People are often unaware just how beneficial exercise and physical activity can be when it comes to specific conditions, and pregnancy is definitely no exception!
Mothers who are normally very active before getting pregnant want to continue this lifestyle, and for those who are normally less active, exercising could help in numerous ways and even contribute to a faster and easier delivery.
While safety precautions should of course be addressed, exercising is a viable option and should be encouraged for any pregnant woman without absolute contraindications.
What are the safety considerations of pregnancy and exercise?
Unless you are already an active person who has been cleared for exercise, permission from your physician should be obtained before venturing into a physical program, especially while pregnant.
While programming an exercise routine for pregnancy, intensity is the name of the game. Moderate intensity should be the end goal for most pregnancies.
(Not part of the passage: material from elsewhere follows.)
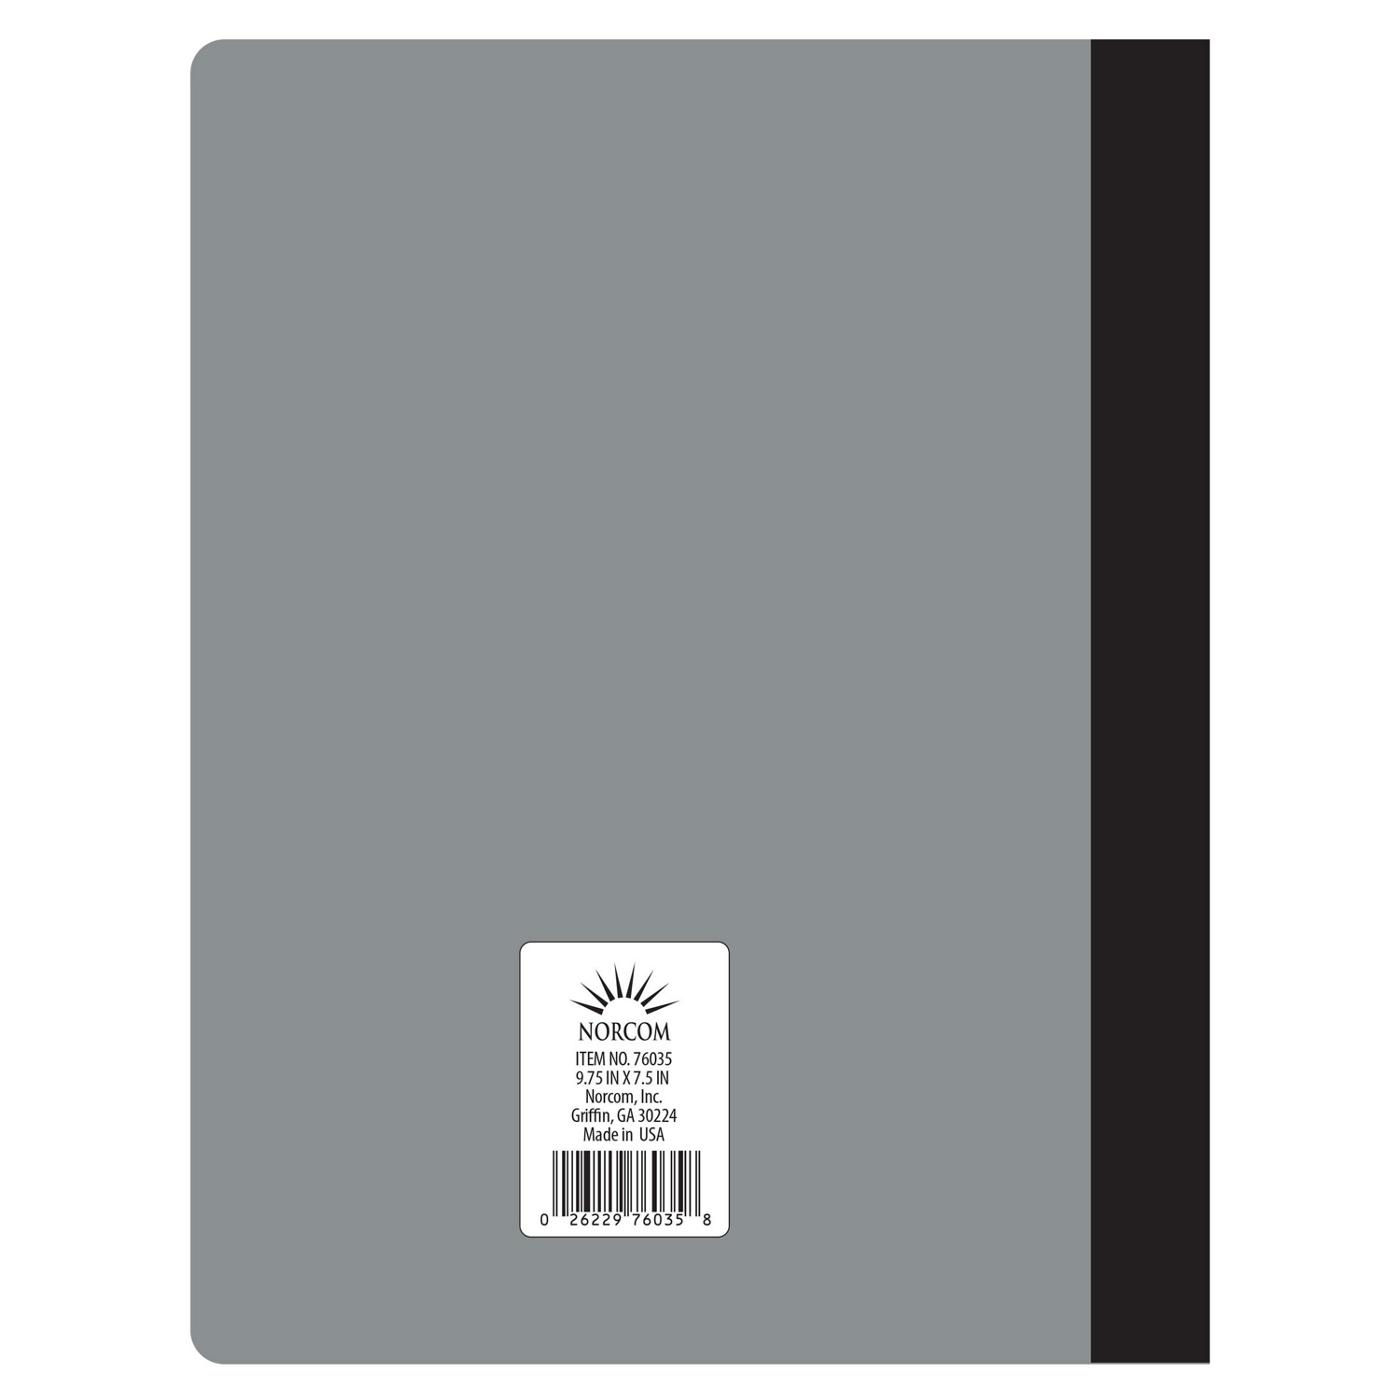 Norcom Collage Ruled Composition Notebook - Silver; image 2 of 2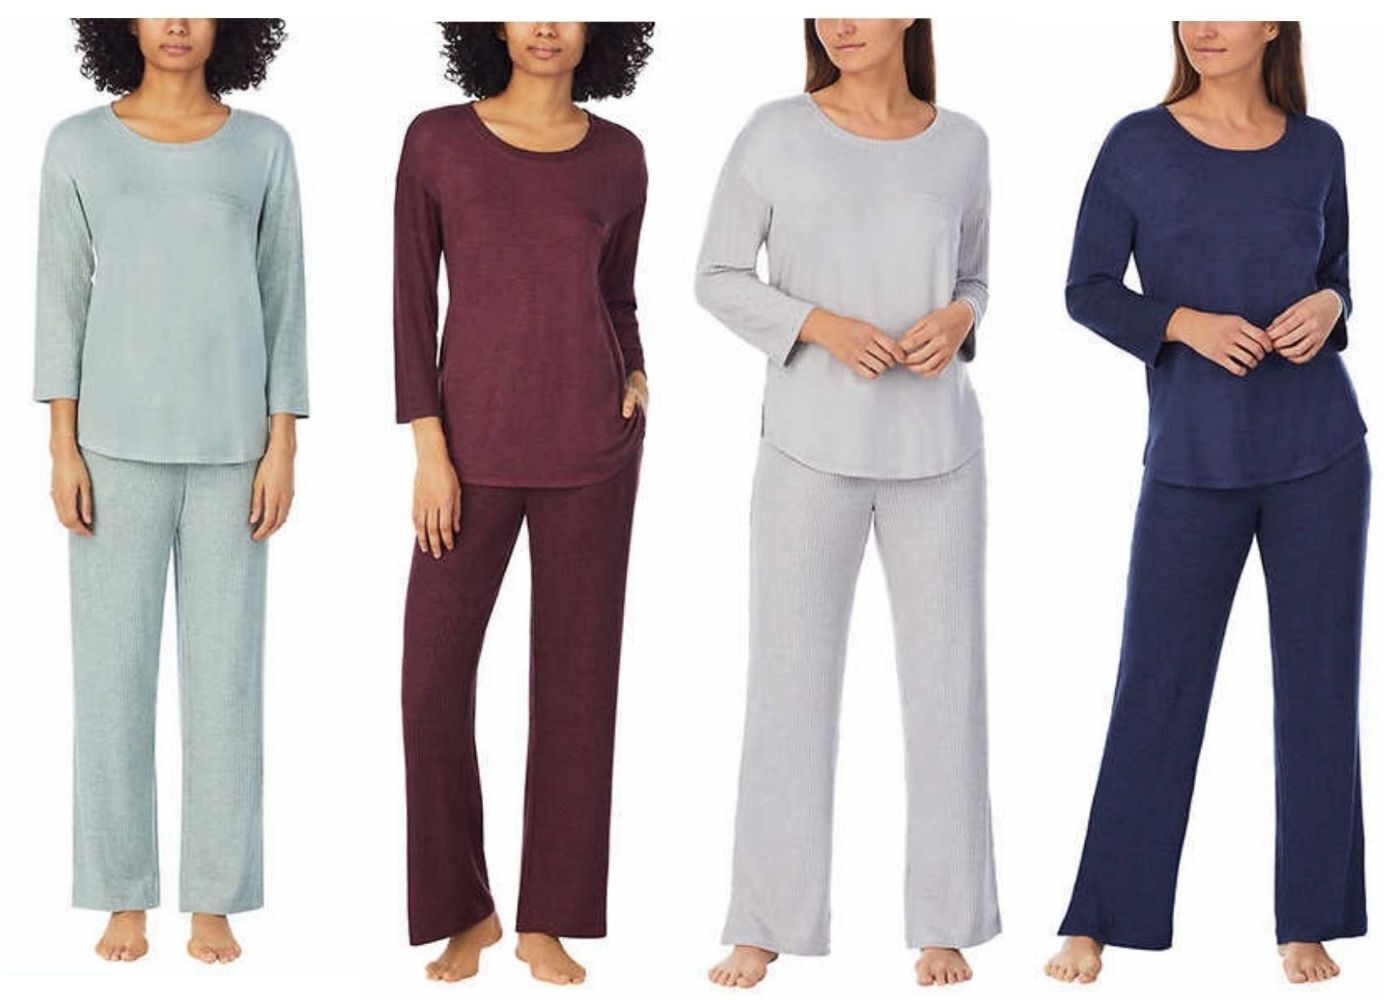 Midnight by Carole Hochman Scoop Neck Pajama Sets for Women

While fitness may increase during an exercise program while pregnant, the main thought should be slowing down the negative effects of the inactivity compared to pre-pregnancy.
Previously sedentary women are encouraged to start exercise, as long as it is a slow, gradual progression into a program. Women who are already active should not exceed pre-pregnancy intensity, but continue with activities that are familiar to them, which is a key point in understanding the variances of programs and activities from person to person.
Some exercises may be acceptable for one person but are a risk for another. This concept would encourage hands-on training that completely involves a qualified individual. Another resource that can be used is the Physical Activity Readiness Medical Examination form (PARmed-X) for pregnancy. This can be used as a screening tool to ascertain the risk of an individual starting a program.
Absolute contraindications. These are certain conditions that need to be resolved if possible before it becomes safe to exercise. These include any significant hemodynamic heart or restrictive lung disease, pregnancy specific conditions such as incompetent cervix or cerclage, placenta previa past 26 weeks of gestation, being pregnant with twins, triplets, etc., pregnancy induced hypertension, premature labor, second and third trimester bleeding, or ruptured membranes.
Relative contraindications. These will need to be monitored during exercise duration and discussed to make sure they do not become a serious issue. They do not necessarily mean that exercise cannot be an option.
Relative contraindications include: poorly controlled weight (underweight or obesity), hypertension, bronchitis, severe anaemia, history of sedentary lifestyle or any orthopaedic issues. Additionally, exercise should be terminated if shortness of breath (dyspnea) before exercise is observed, or if you experience chest pain, vaginal bleeding, decreased fetal movement or calf pain and swelling which could be indicative of thrombophlebitis or swelling of a vein due to a clot.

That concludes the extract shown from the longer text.